Бенескриптов Евгр. Афон., протоиерей, с 1835 – 1842 гг. преподавал немецкий язык и оставил для питомцев дух. учебн. заведений одно из хороших руководств по немецкому языку (Род. Биогр. слов. стр. 41).
Каких результатов достиг иеродиакон Гурий в академии, показывает, между прочим, и аттестат, выданный ему из академического правления, от 29 декабря 1839 г. за № 663; выписываем его дословно:
«Объявитель сего иеродиакон Гурий, а до поступления в монашество – Григорий Карпов, города Саратова кафедрального собора священника Платона Карпова сын, имеющий ныне от роду 26 лет, по окончаний курса семинарского учения в Саратовской духовной семинарии в июле 1836 года, местным епархиальным начальством определен был учителем латинского языка по высшему отделению Саратовского духовного уездного училища и проходил cию должность до августа 1837 г.; в августе 1837 г. с разрешения бывшей комиссии духовных училищ, он, поступив в С.-Петербургскую духовную академии, обучался в ней, при способностях весьма хороших, прилежании усердном и поведении благонравном, чтению Св. Писания очень хорошо; философии и истории систем философских отлично; общей словесности весьма хорошо; истории гражданской всеобщей и русской очень хорошо и языкам: греческому – успешно и немецкому – успешно; 12 июля 1838 г. он, Карпов, согласно его желанию, пострижен в монашество, а 1 августа того же 1838 г. рукоположен во иеродиакона. По указу Свят. Правительствующего Синода, от 14 июля 1839 г., он, иеродиакон Гурий, отправлен на место младшего иеромонаха при Пекинской духовной миссии; 1 сентября сего же года в конференции С.-Петербургской духовной академии держал экзамен по предметам богословским, как изустно, так и письменно на получение академической степени и 16 декабря, согласно представлению конференции, Св. Правит. Синодом возведен в степень кандидата богословских наук.
Аттестат подписали ректор академии архимандрит Николай, инспектор академии архимандрит Филофей; в должности эконома профессор Ростиславов, помощник секретаря Димитрий Гусев».
В «Истории С.-Петербургской духовной академии» профессора Чистовича Ил.
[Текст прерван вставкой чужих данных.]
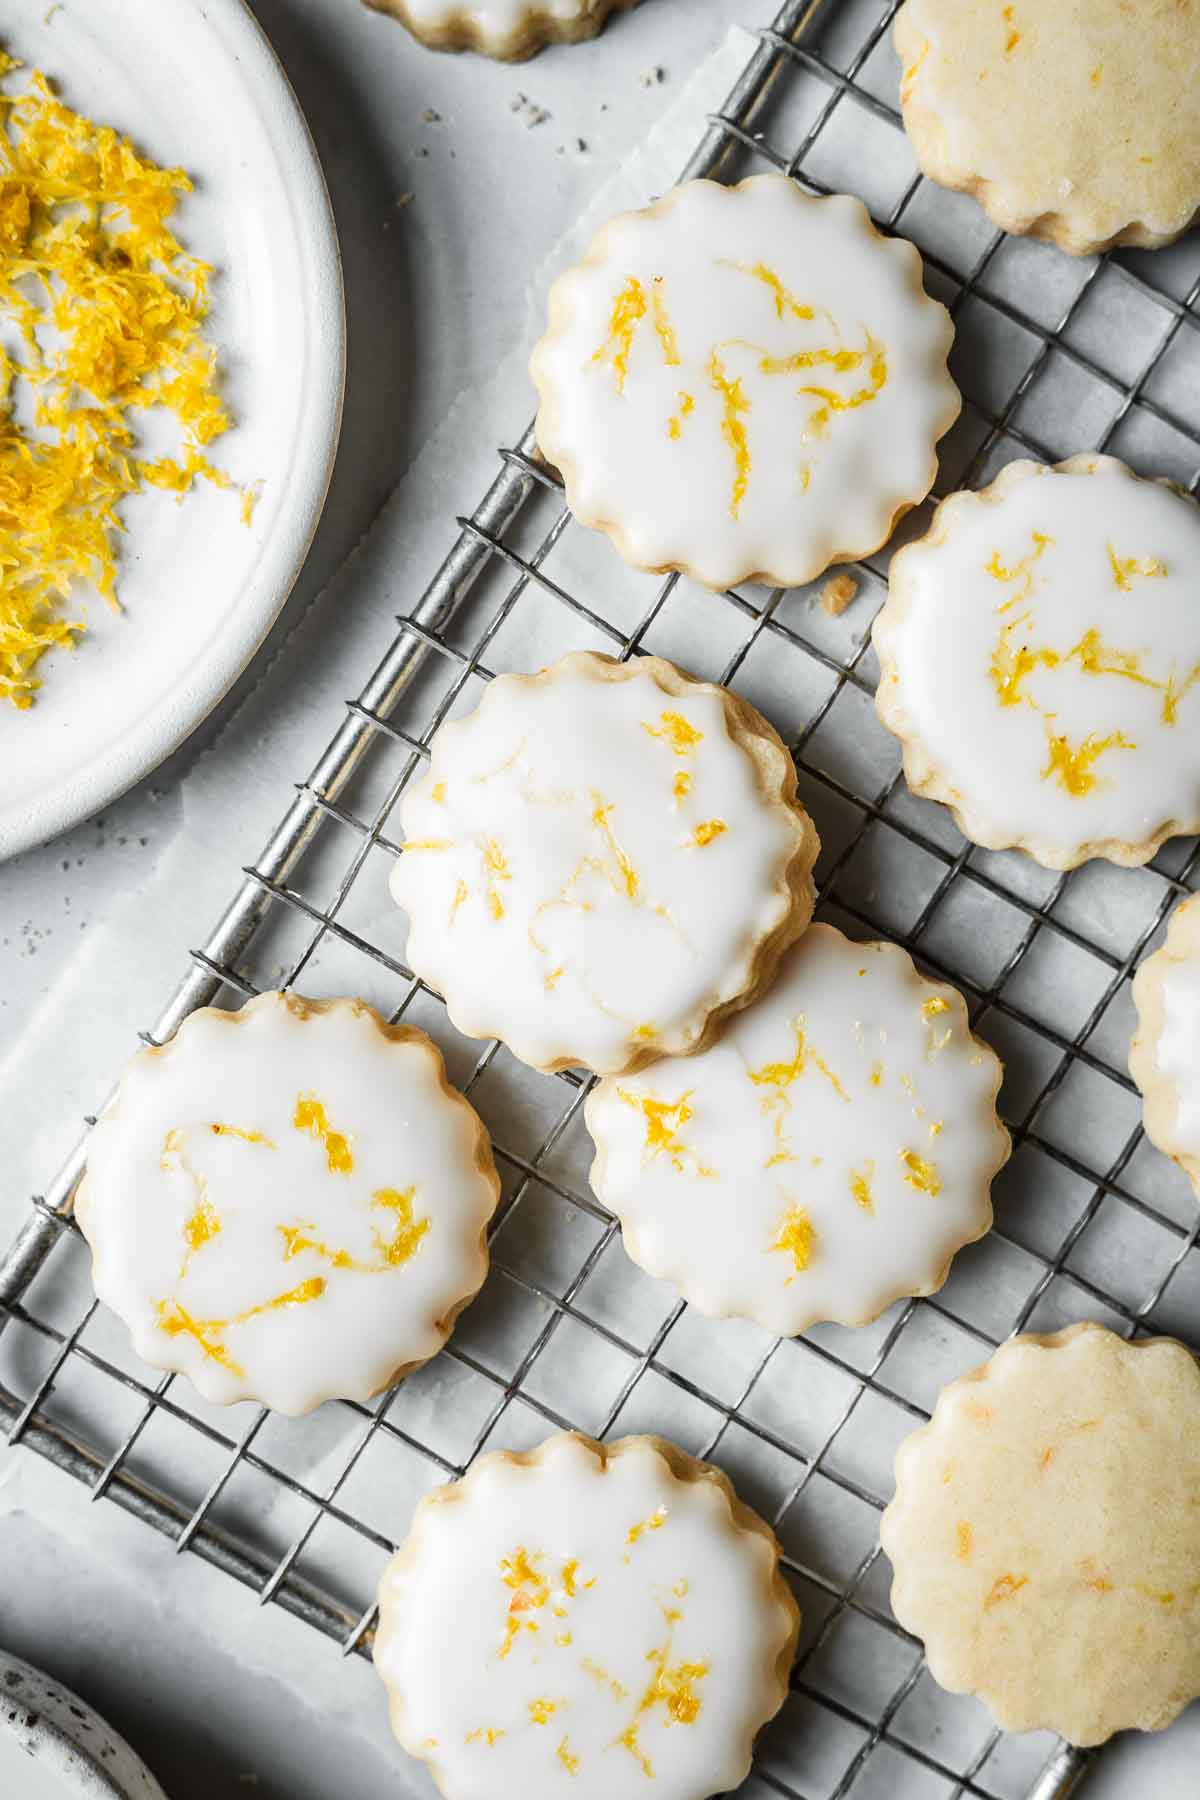 Glazed cookies with lemon zest on a cooling rack.

Ал. (ст. 403) читаем, что «из студентов низшего отделения иеродиакон Гурий Карпов возведен в степень кандидата богословия, по вниманию к отличным успехам и по особливому испытанию, вследствие объявленного им желания поступить в Китайскую миссию.
Таким образом, за два года трудов своих в академии Григорий Платонович сделал столько сколько другие успевают сделать за четыре года и сделал не на показ, не для экзамена только, а так, что почерпнутыми знаниями он пользовался в дальнейших своих трудах. Он знал и древние и новые языки, как свой родной язык русский, и сохранил знание их до конца своей жизни. Друг его, Ив. Уст. Палимпсестов вспоминает: «И при мне (уже будучи Архипастырем Тавриды) он раз читал Оригена на греческом языке, читал и переводил так, что и незаметно было, что он читает не по-русски, т. е. что он смотрит в греческую книгу. Подумаешь, какою прочностью отличалась прежняя школа, – школа, обесславленная кликою «долбления отселе доселе» (Палимпсестов. Рус. Арх. 1888 г. стр. 167). Насколько свободно Преосв. Гурий мог пользоваться латинским и греческим языками для своих ученых трудов, это можно между прочим видеть из «приложений» к его магистерской диссертации «О богоучрежденности епископского сана в Христовой церкви», написанной им после первого возвращения его из Китайской Миссии в 1855–1856 году. (Христ. Чт. за 1876 г. стр. 564 – 642). Видно, что творениями св. отцов церкви он пользовался в подлинниках, на латинском и греческ. языках. Эта же диссертация может свидетельствовать и об его громадной начитанности в святоотеческой литературе, как в подлинниках – латинских и греческих, так и в переработке этой литературы немецкими учеными. Сохранившаяся переписка Архим. Гурия с графом Ник. Павл. Игнатьевым и другими лицами показывает, что он, свободно, владел французским и английским языками. При своем удивительном трудолюбии, и знании новых языков, он мог, перечитать все, что писали о Китае Французы, Немцы и Англичане (Палимпс., там же).
Многим обязан был Преосвященный Гурий родной семинарии Саратовской, и академии С.-Петербургской, но несравненно больше он сделал для своего образования, путем трудолюбия и самообразования. «Чтение книг было его стихией; кроме богословских и философских наук, он шаг за шагом следил за всеми выдающимися трудами в области истории и естествознания.» Его библиотека, составляющая истинное, сокровище, нашей Таврической семинарии, может свидетельствовать о том, чем особенно интересовался, и что читал Преосвященный Гурий.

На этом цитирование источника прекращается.